**Task directions:** Transcribe every line of the material below exactly, leaving out the pictures.
━━━ Given material
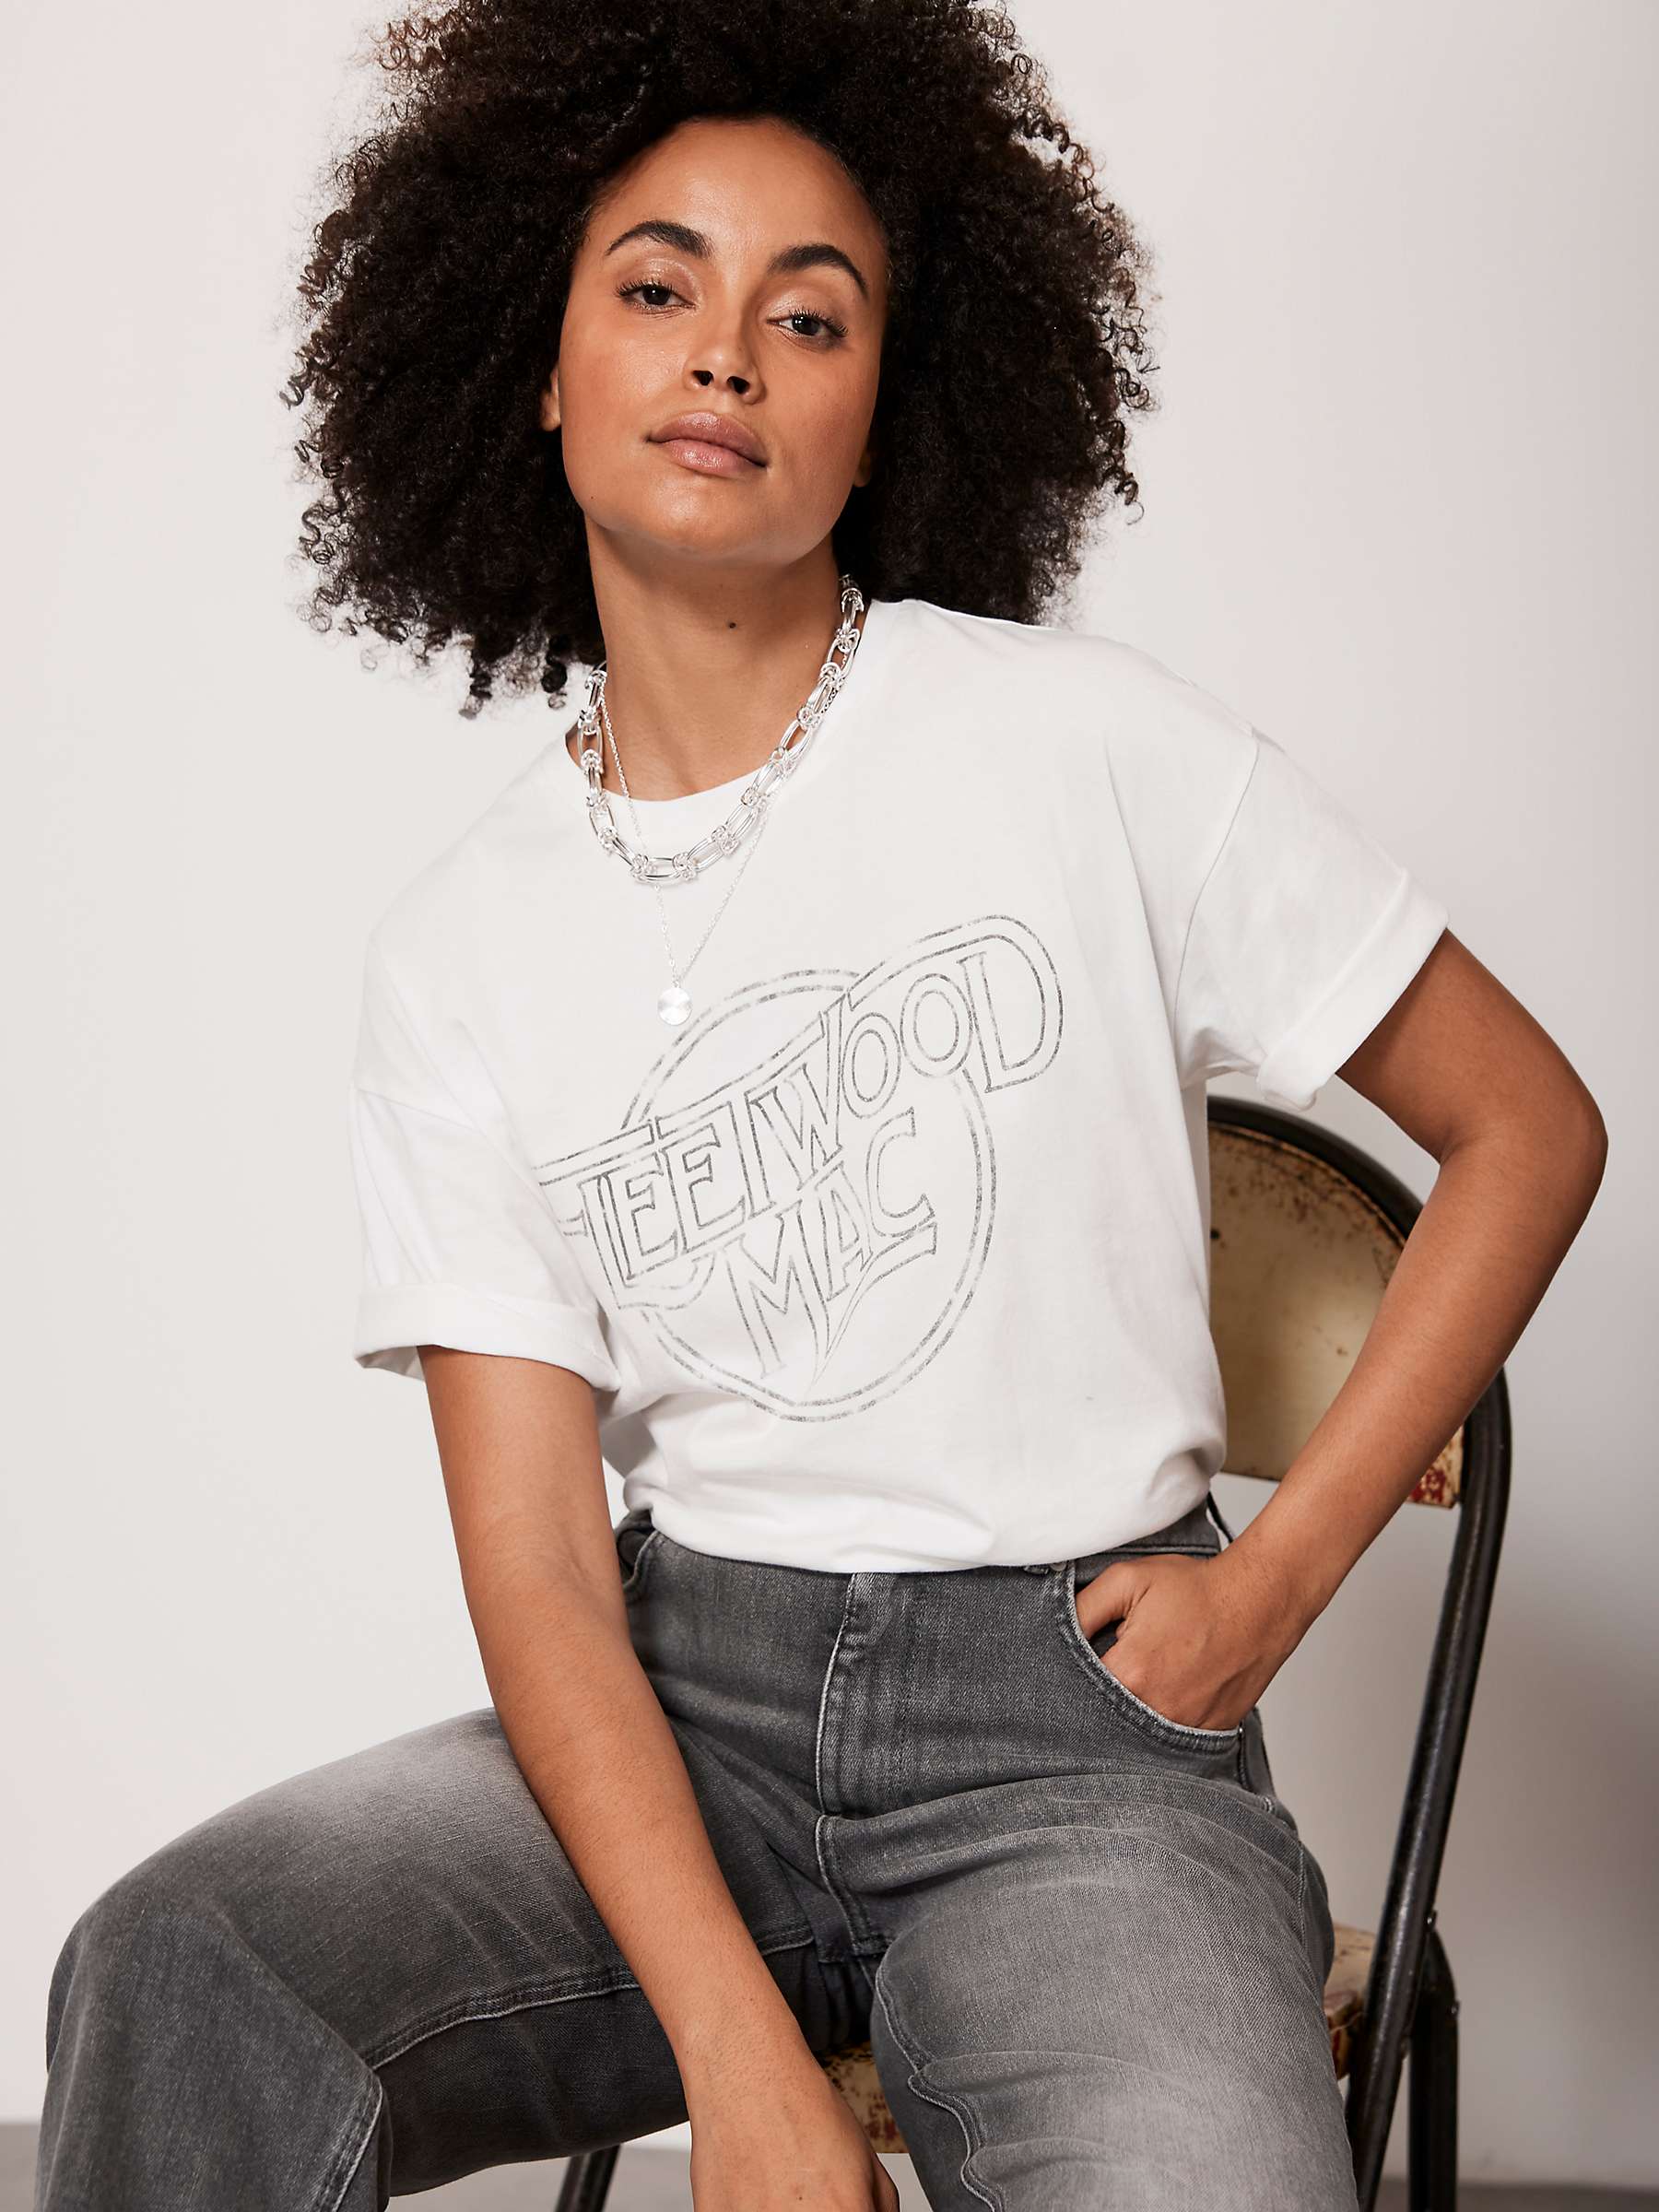 Buy Mint Velvet Cotton Fleetwood Mac T-Shirt, White Online at johnlewis.com
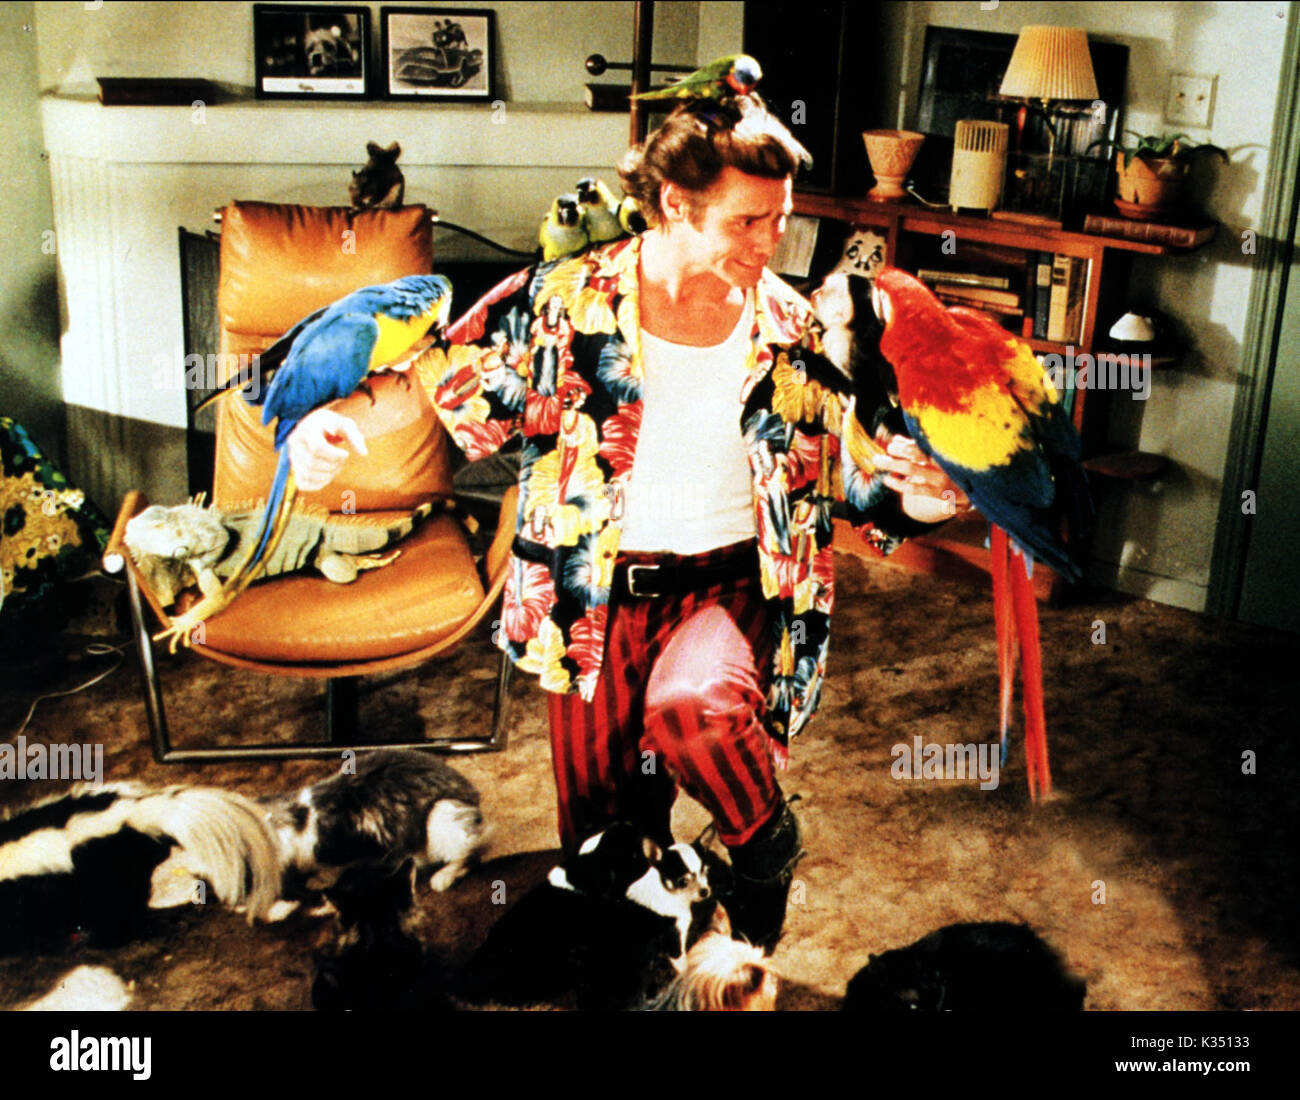 ACE VENTURA - PET DETECTIVE NOI 1994] Jim Carrey Foto Stock
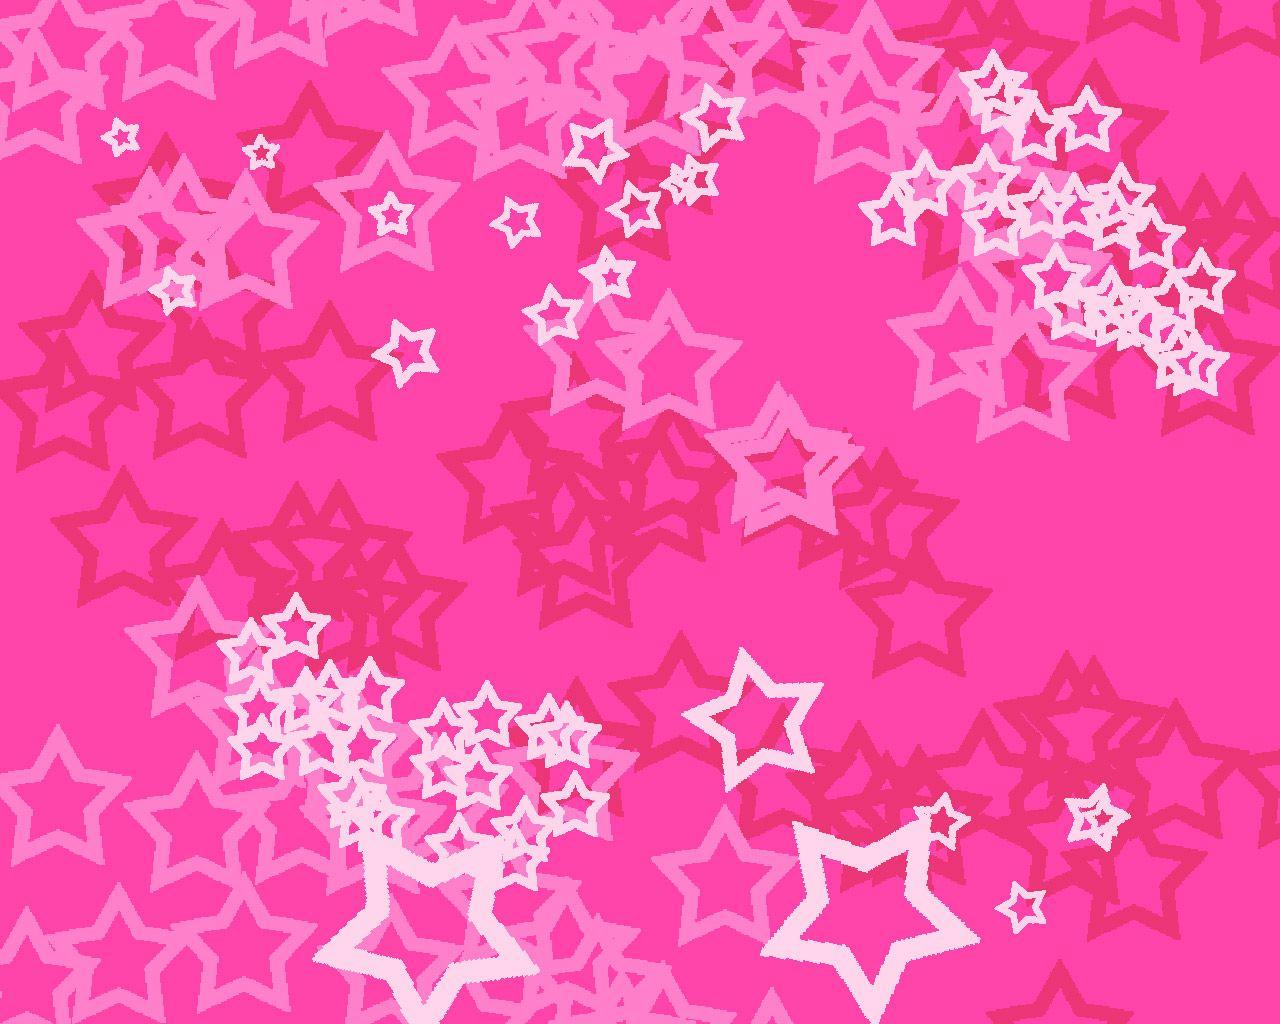 Stunning Pink Wallpaper Background
━━━━━━
**The completed task:**
 Buy Mint Velvet Cotton Fleetwood Mac T-Shirt, White Online at johnlewis.com
 ACE VENTURA - PET DETECTIVE NOI 1994] Jim Carrey Foto Stock
 Stunning Pink Wallpaper Background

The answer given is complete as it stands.